Two months before the release of his film, a confident Scott declared with no irony or humility: “it’s always interesting to address all the facts. Out of the facts comes the logic, and out of the logic comes reality.” Scott’s desire to produce “rational scientific” explanations to account for the events found in the Exodus narrative ultimately led him to change even the most well known Old Testament image—God’s parting, through Moses, of the Red Sea, for the Hebrews to flee to safety ahead of the pharaoh’s pursuing army. According to his belief, Scott attributes this dramatic climax of the Biblical narrative to a propitiously timed tsunami triggered by an underwater earthquake rather than divine intervention.

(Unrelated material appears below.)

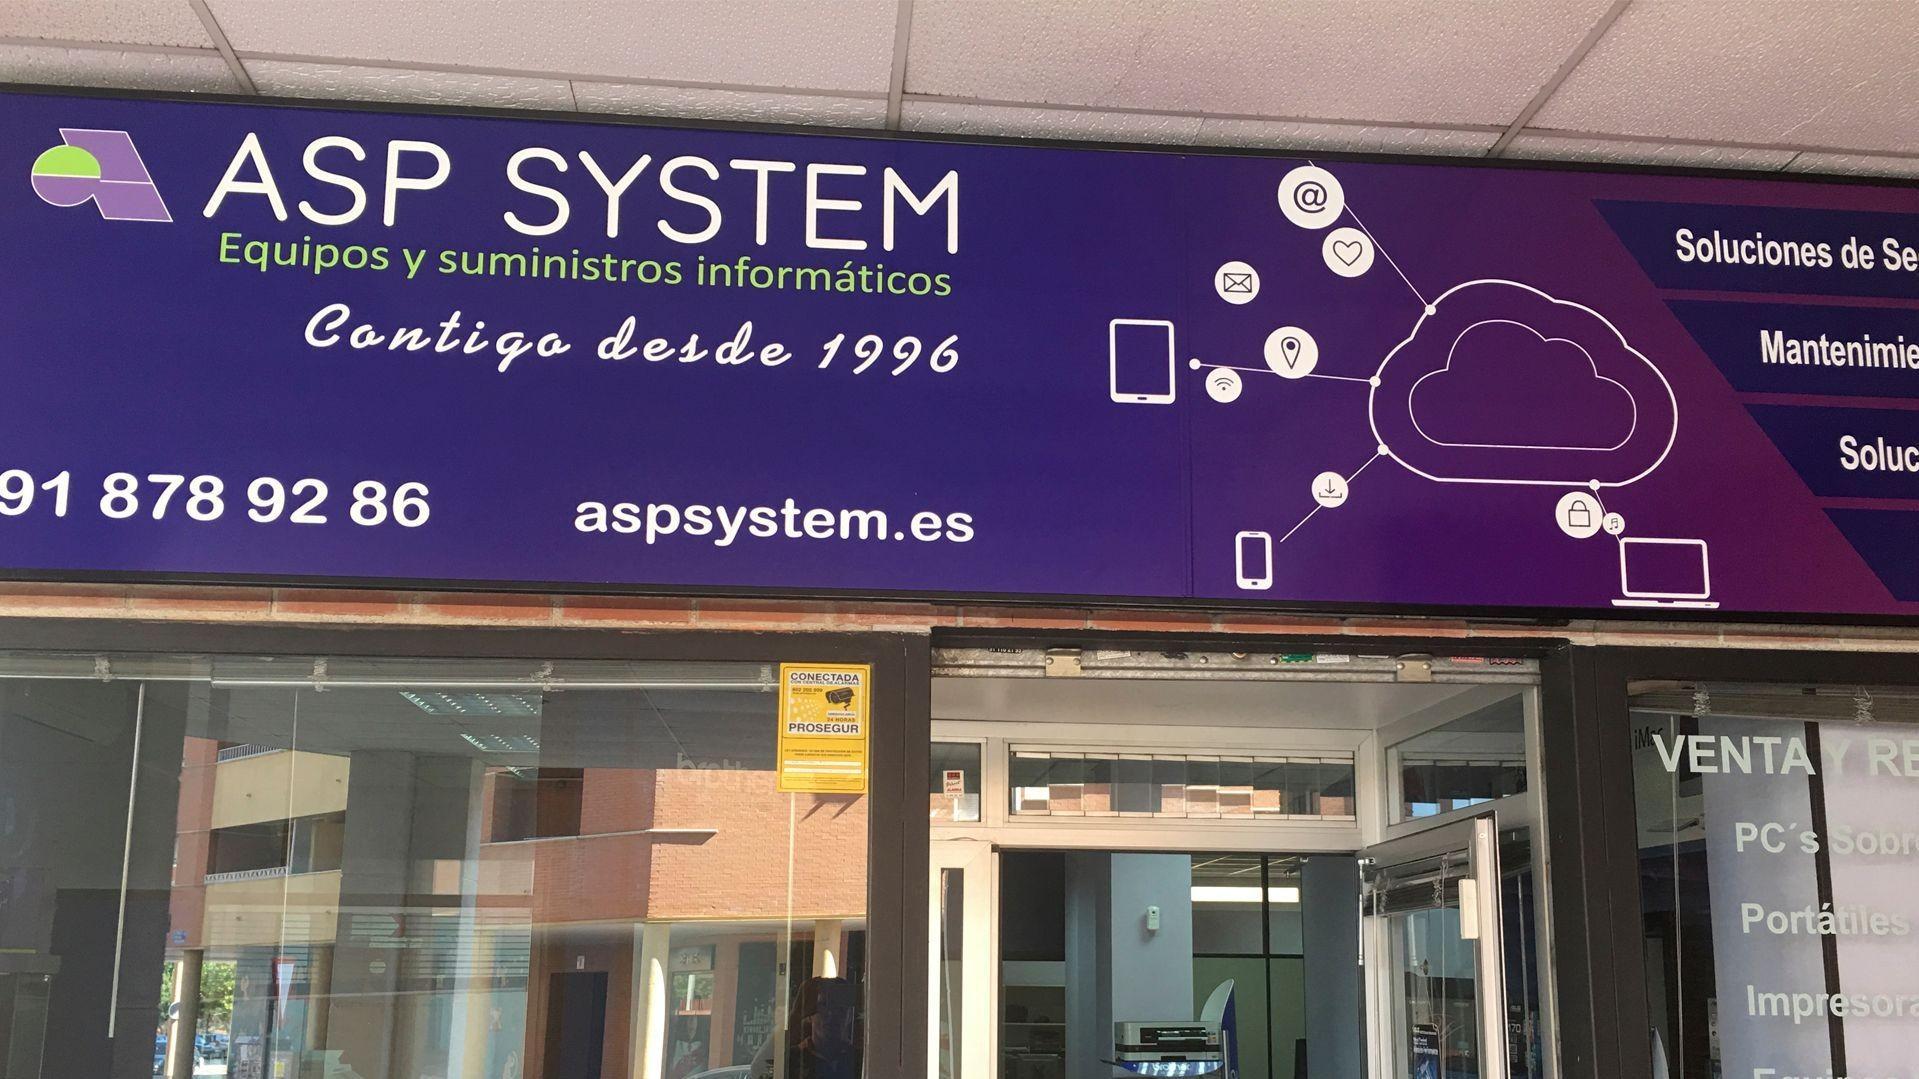 Equipos y suministros informáticos en Alcalá de Henares

Through Exodus: Gods and Kings, Ridley Scott aims to discredit the religious interpretation of a pivotal Biblical story not by questioning the veracity of the story but by constructing a “scientific” explanation to replace the story’s religious explanation. However, Scott fails to understand, among many things, that the historical authenticity of the Bible is not dependent upon material evidence, or, furthermore, that scientific explanation and divine intervention do not necessarily negate each other. Scientific evidence is not needed to affirm the essential truths of the Bible. For those truths, in the framework of Christian thought, are revealed and affirmed through the life and message of Jesus Christ, for whom the world was inexorably prepared, in part, by Moses. This is a theological and historical reality that, not surprisingly, does not find its way into Ridley Scott’s Exodus: Gods and Kings.
Dr. Alexandros K. Kyrou is Professor of History at Salem State University, where he teaches on the Balkans, Byzantium, and the Ottoman Empire.